→ **Work request**: Copy out the listing that follows, exactly, without its pictures.

→ **Data section**:
- - -
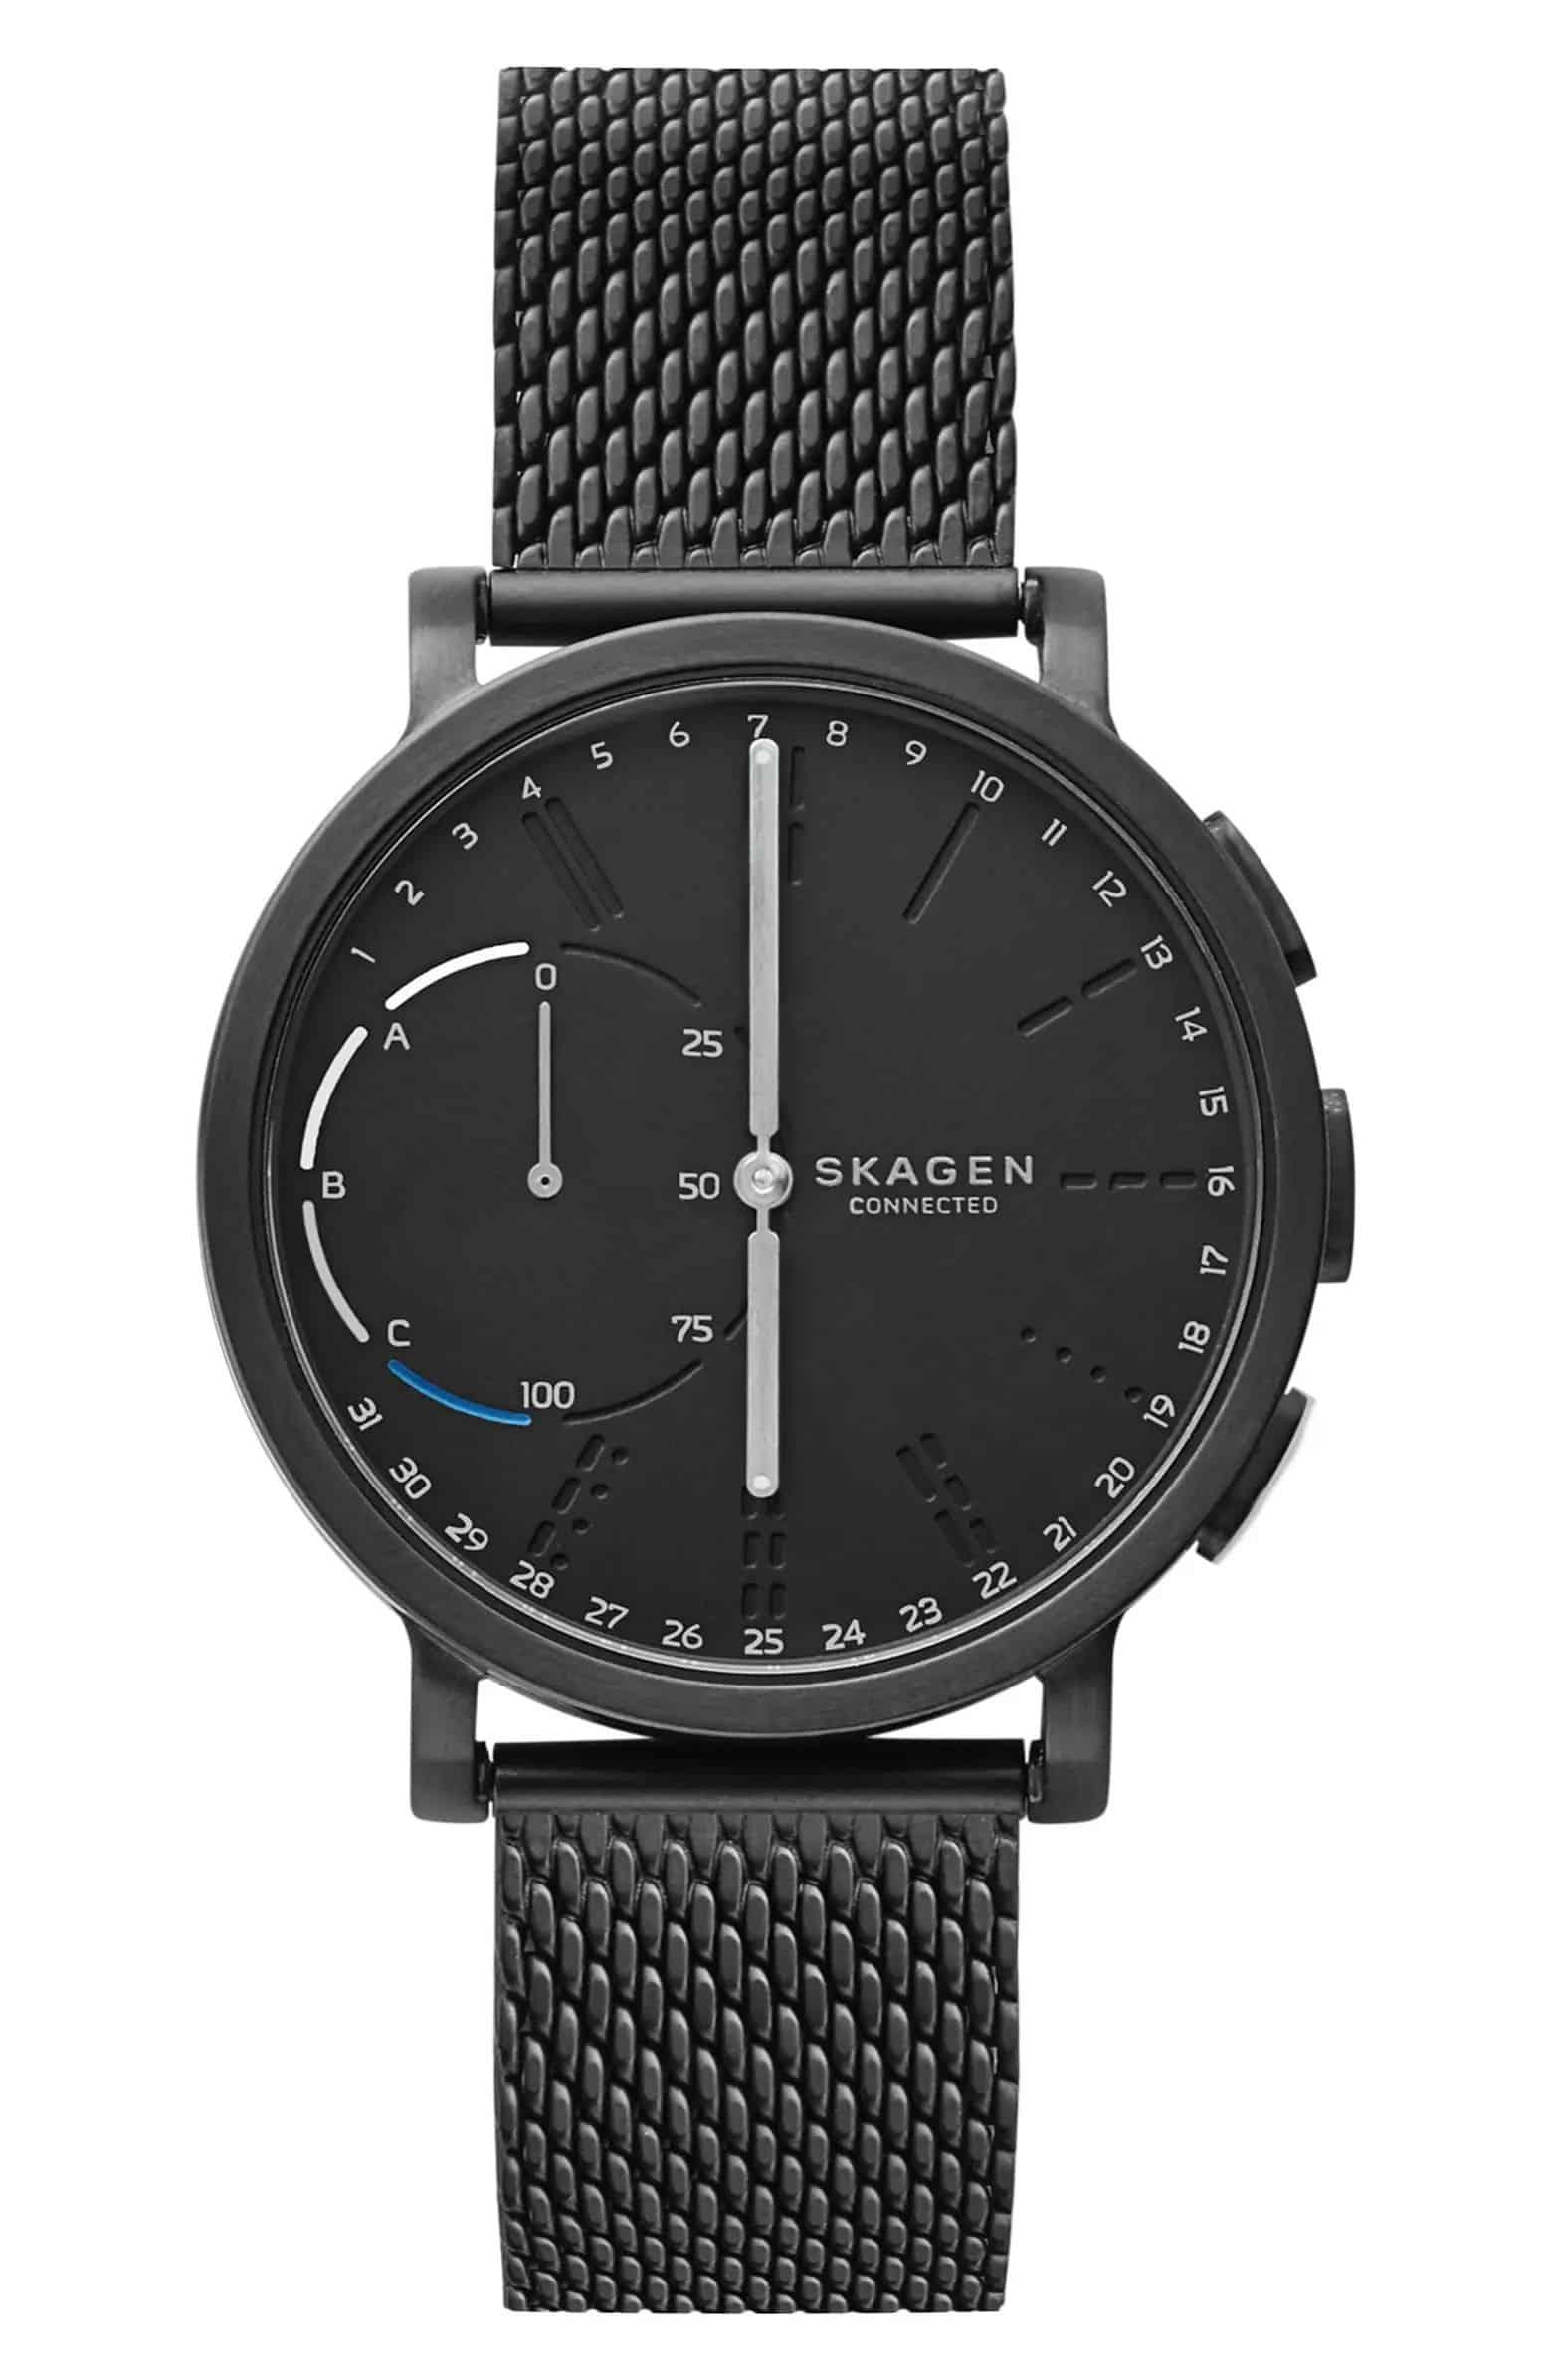 skagen connected smartwatch
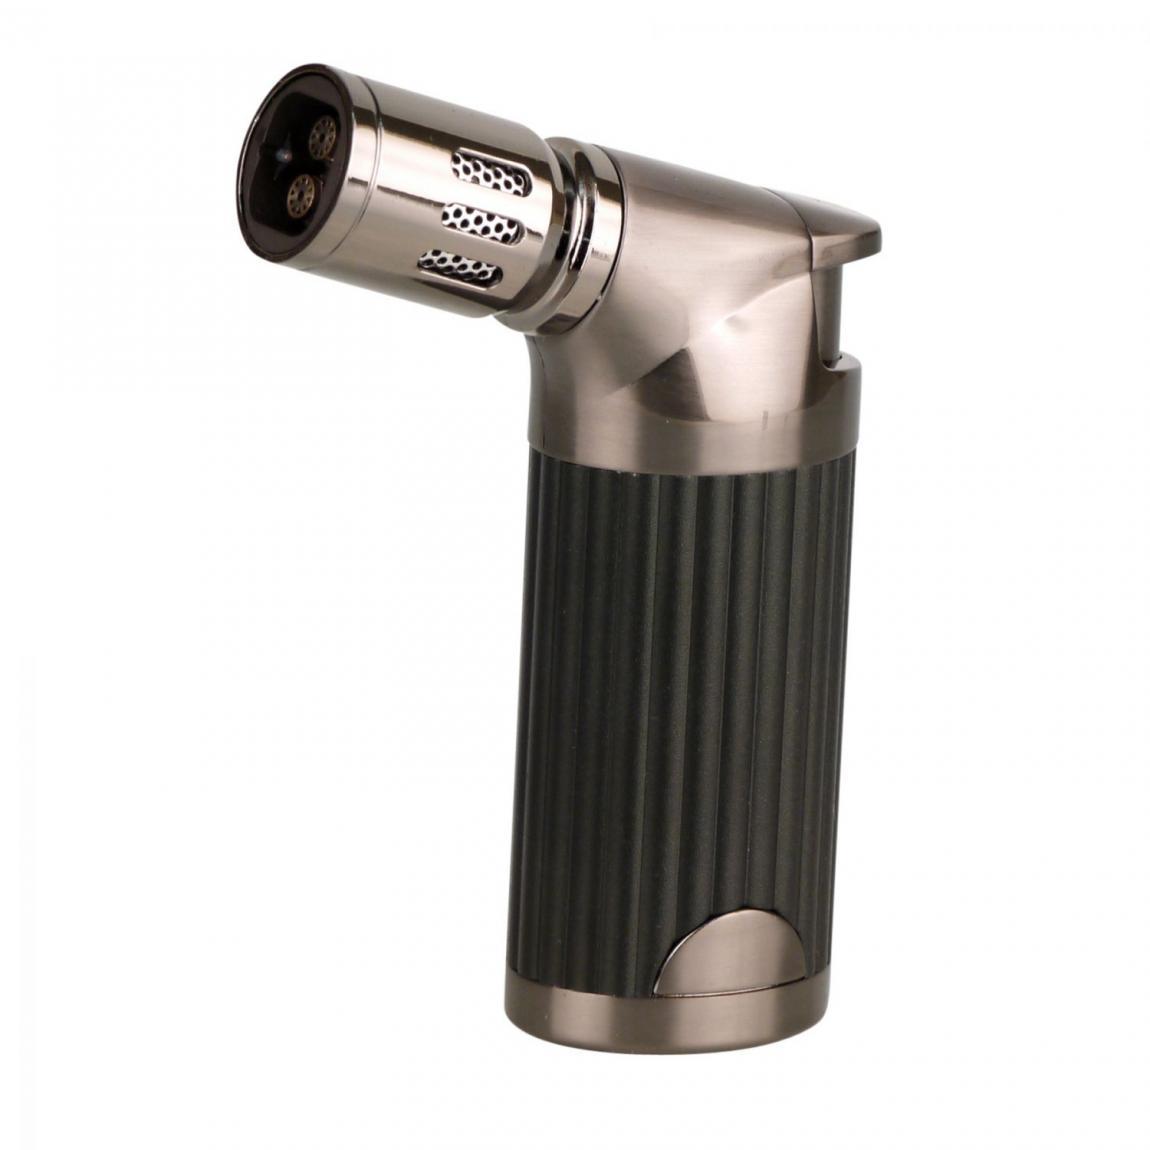 Sky Feuerzeug »Uranus« Quadruplex Torch Lighter
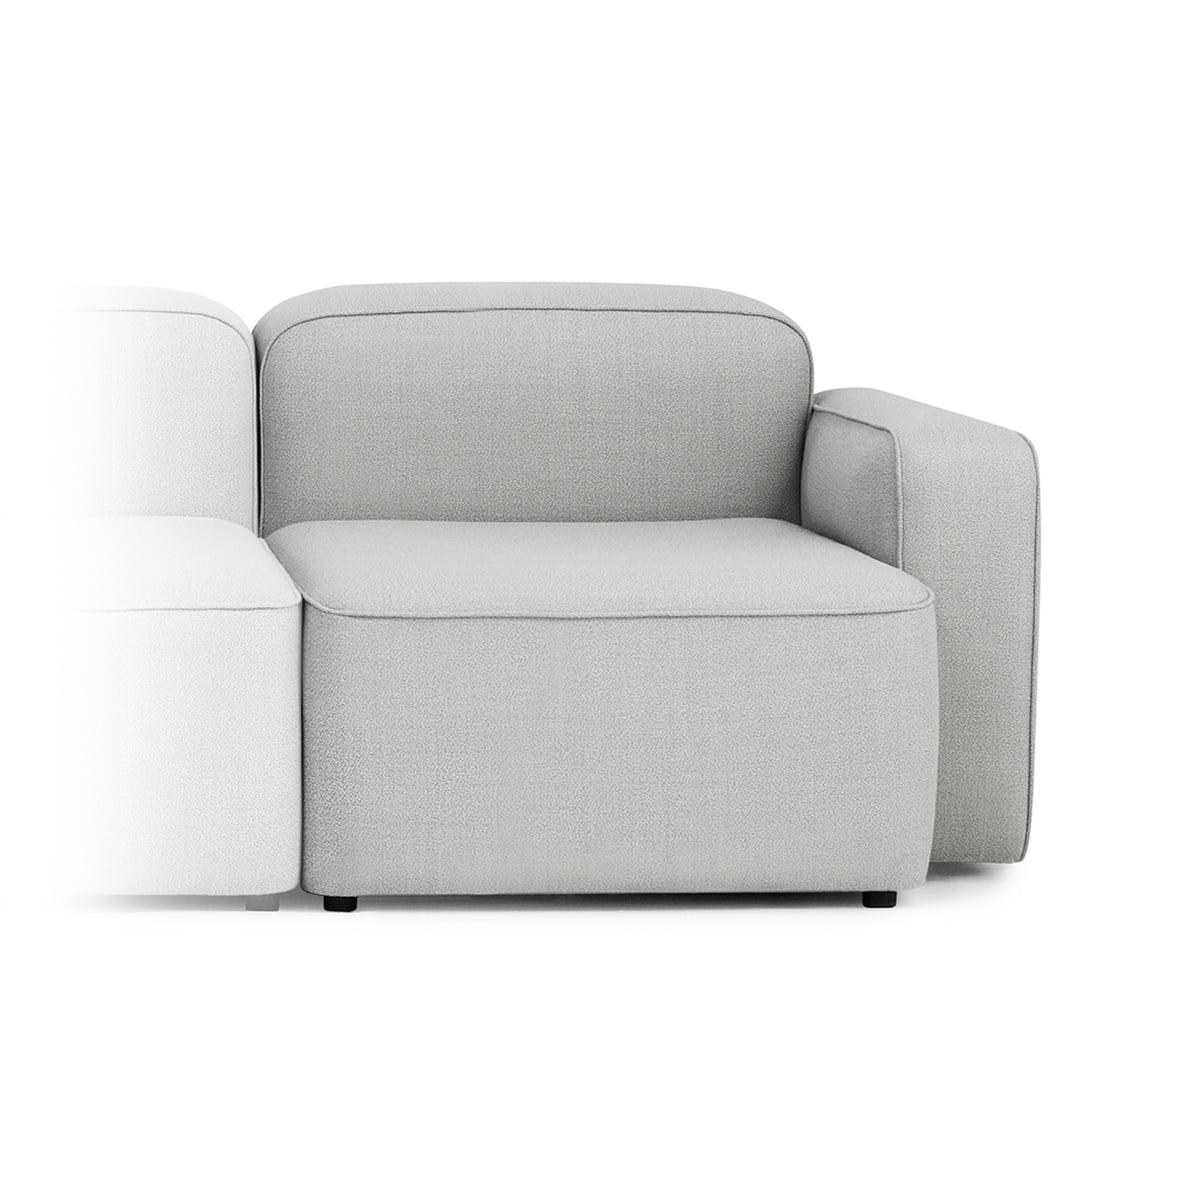 module rope sofa narrow normann copenhagen boutique. Black Bedroom Furniture Sets. Home Design Ideas
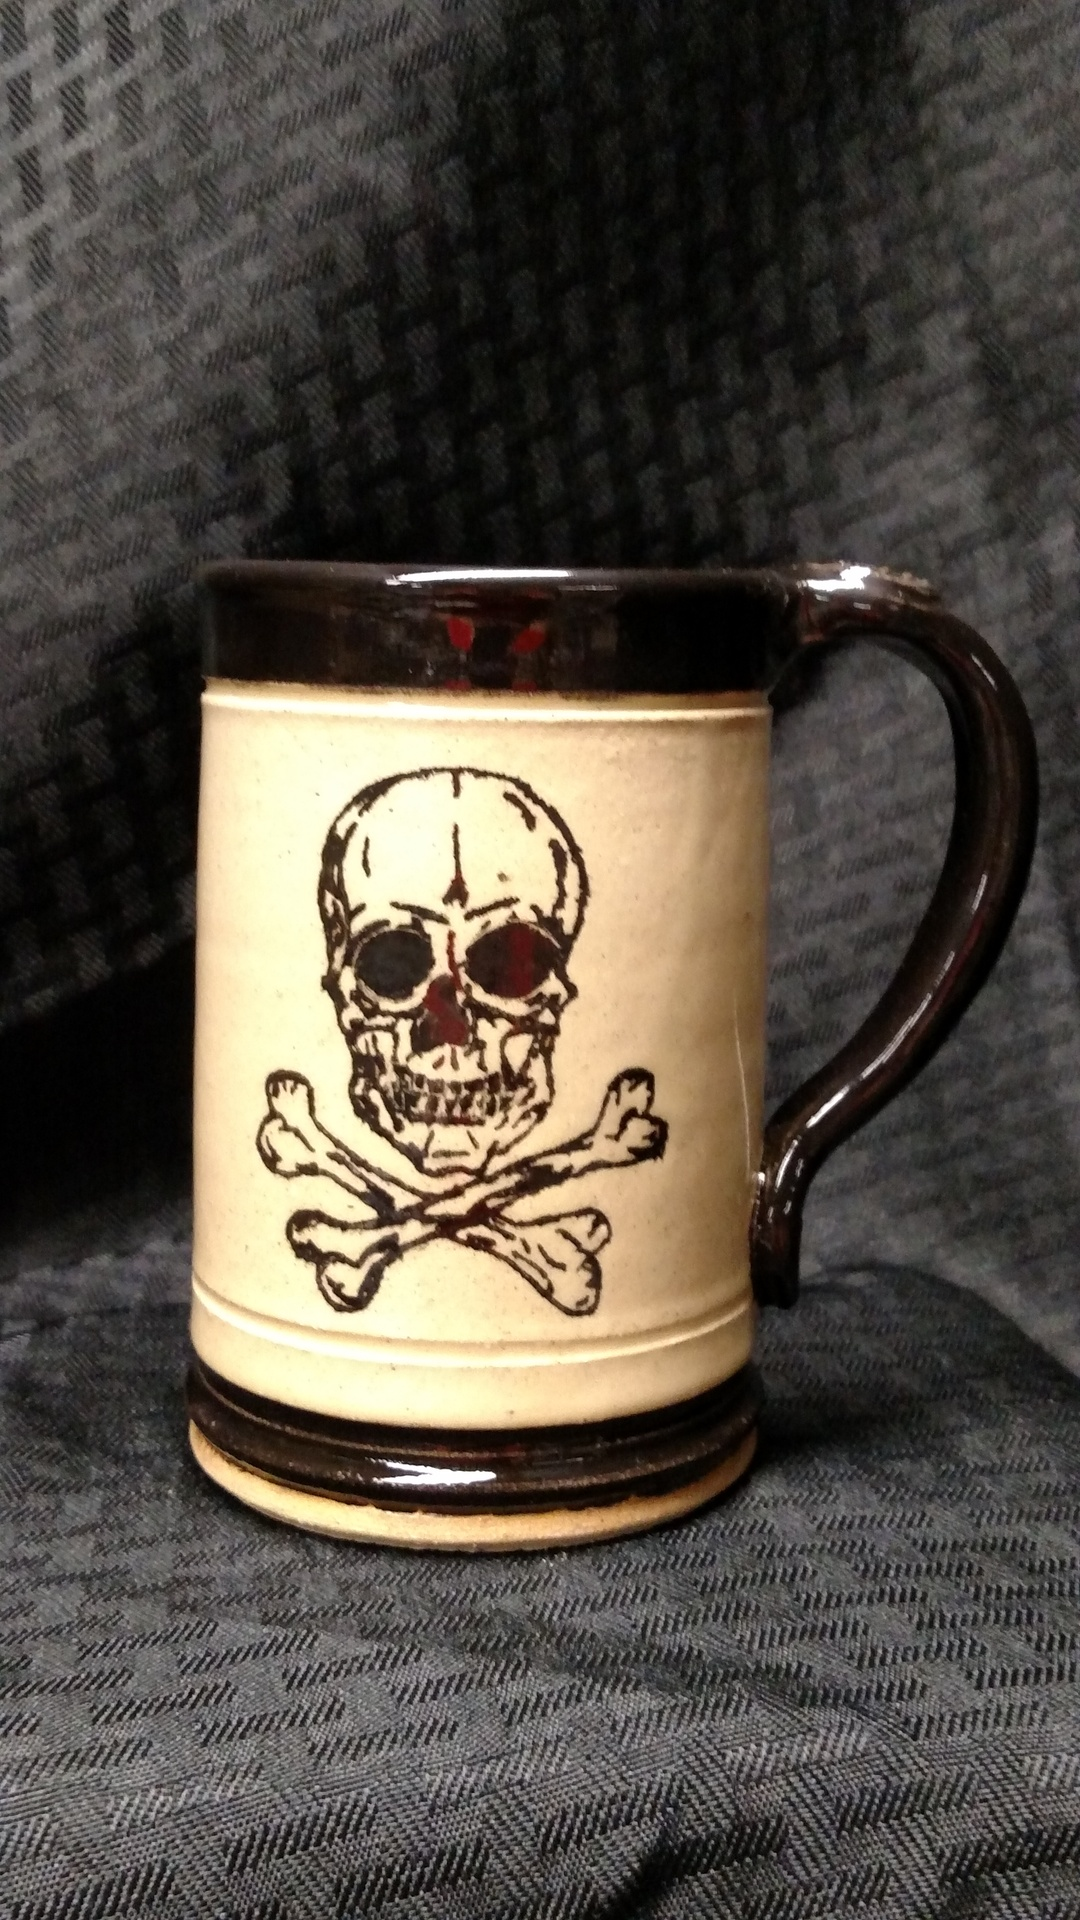 Stoneware mug - hand drawn skull
- - -
→ **Completed task**:
 skagen connected smartwatch
 Sky Feuerzeug »Uranus« Quadruplex Torch Lighter
 module rope sofa narrow normann copenhagen boutique. Black Bedroom Furniture Sets. Home Design Ideas
 Stoneware mug - hand drawn skull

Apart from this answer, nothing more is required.